В «Русской старине» (том C. 1899. Вып.10-12 ) опубликован рассказ монаха Евводия, келейника архимандрита Фотия. Вот отрывки из него:
— Графиня часто посещала Фотия?
— Когда приезжала в Юрьев, бывала у него ежедневно. Она ни одной утрени не пропускала; отстоять службу и пойдет с Фотием в келью, да и сидит там до двух часов, а потом уходить на мызу обедать. Он ходил к ней редко. А когда на мызе бывали гости, Фотий никогда не являлся между ними, даже сердился и говорил, что от них один только мирской соблазн. У себя знатных людей он избегал, а при столкновения обращался с ними грубо, пренебрежительно. <...>
— А с графиней Фотий обращался мягко?
— Нет, довольно грубо. Скажет: «Чадо, подай мне книгу!» Она принесет, да не ту. Он сунет ей книгу под нос и закричит: «Дай ту, которая на комоде лежит!» Или придет со службы усталый, изнемогший; опустится на диван и прикажет графине: «Сними сапоги». Она стащит. «Чулки сними», опять крикнет.
— Как умер Фотий?
— Он болел долго. У него все тело было в ранах, которые, по словам его, образовались от вериг. Раз будто бы пришел он в церковь во имя Всех Святых, вдруг огонь опалил его и сжег полу мантии. Тут он оповестил о близкой своей кончине.
— Скучала, конечно, графиня по Фотии?
— Не без того. Она ведь верила в него, как в святого. После часто приезжала в Юрьев и подолгу жила на мызе. Графиня любила садоводство и содержала для этой цели вольных рабочих. Нанимались девушки, с мая до августа, для чистки дорожек, поливки и поления. Девушкам графиня платила по восьми рублей в месяц жалованья и дарила платочки. <...>
— Долго жила графиня после Фотия?
— Десять лет. Она почувствовала себя дурно в церкви пред тем, как собиралась в Питер. В коляске нашли шкатулку и духовное завещание на вечный капитал, процентами с которого монастырь пользуется. Ее отнесли на полотне в дом; там она попросила у горничной воды, выпила и скончалась. На мызе графиня лежала три дня в гробу, обложенном кованной парчей, а потом тело стояло в Георгиевском соборе двенадцать дней.

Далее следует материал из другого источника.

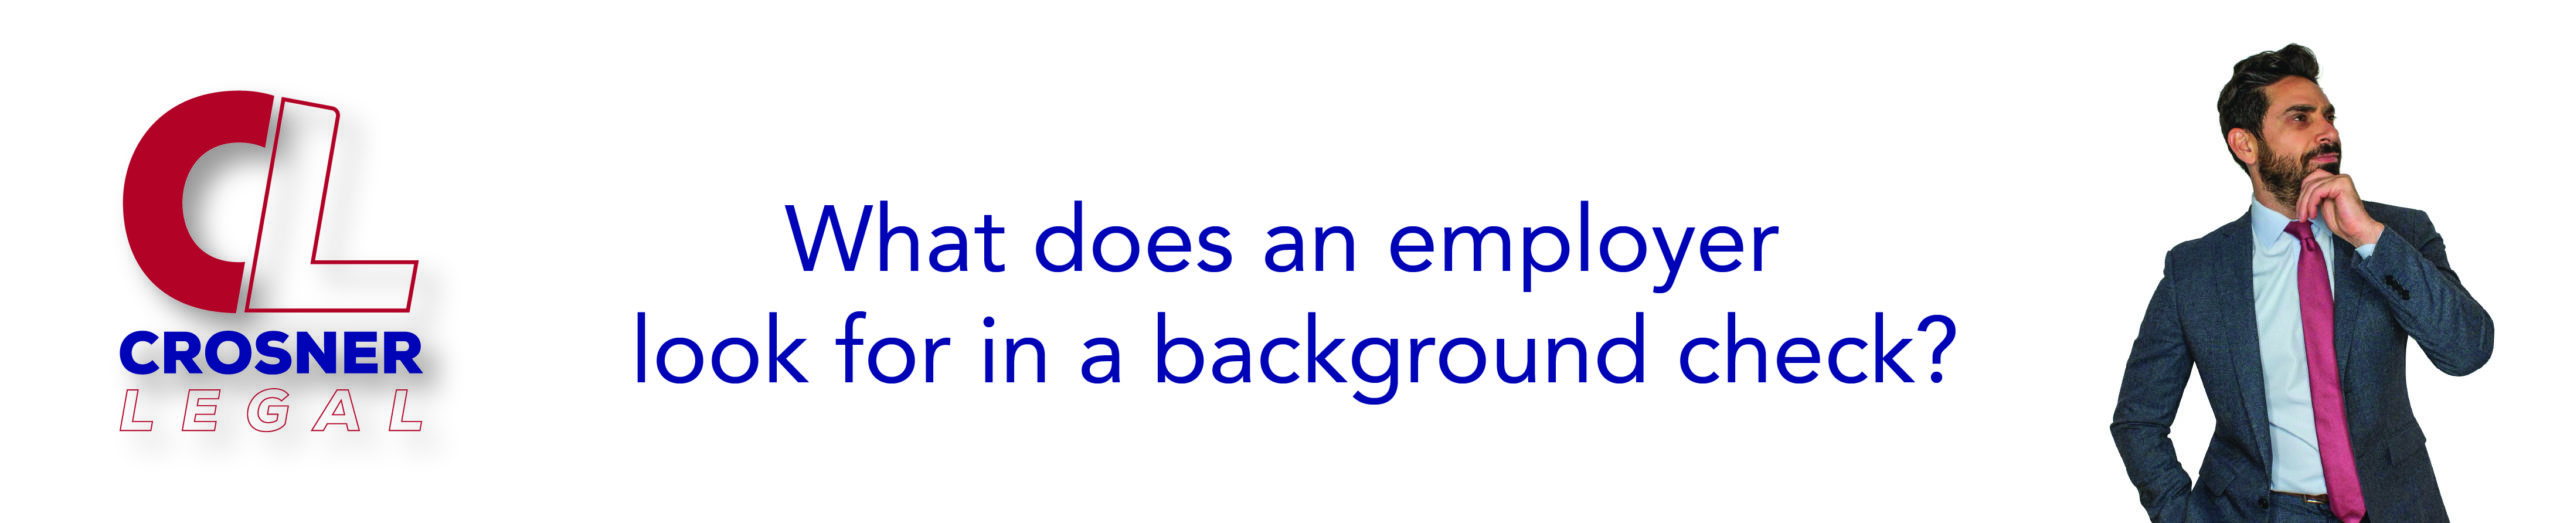 What does an employer look for in a background check?

— Правда, что графиня была пострижена?
— Правда. В этом я лично убедился, когда помогал нести гроб: она лежала в черном монашеском платье. Да ее и на панихиде вспоминали Агнией и поминали шесть недель монахиней. О пострижении не так хлопотала она сама, как двоюродный брат ее. Монахиней она не должна была иметь никакого ценного имущества, вот брат и старался постричь ее, чтобы отобрать от нее имения и все то, что было подарено ею монастырю. Гробницы Фотия и графини поставили в церкви на поду, но вскоре это запретили; тогда весь пол в церкви опустили на законную глубину, сделали так, что и в земле, да на земле. Обе гробницы покрыли одним серебряным покровом, но тоже не позволили. Ох, греховные были дела. Теперь, слава Богу, все миновало. Монастырь живет в мире, согласии, ни в чем не нуждается.
Юрьев монастырь (снимки 2014 г.).
Крестовоздвиженский собор
Слева - церковь во имя Спаса Нерукотворного Образа (Спасо-Орловская)
В крипте Спасо-Орловской церкви был устроен небольшой пещерный храм Похвалы Пресв. Богородице с приделом св. пророчицы Анны. Туда перевезла графиня останки своего отца и дяди – Алексея и Григория Орловых. Там же распорядилась она соорудить две мраморных гробницы — для себя и для своего духовного отца Фотия.
В 1929 г. монастырь был закрыт. В 1933 г. была разорена Спасо-Орловская церковь вместе с гробницами Фотия и графини Анны Орловой-Чесменской.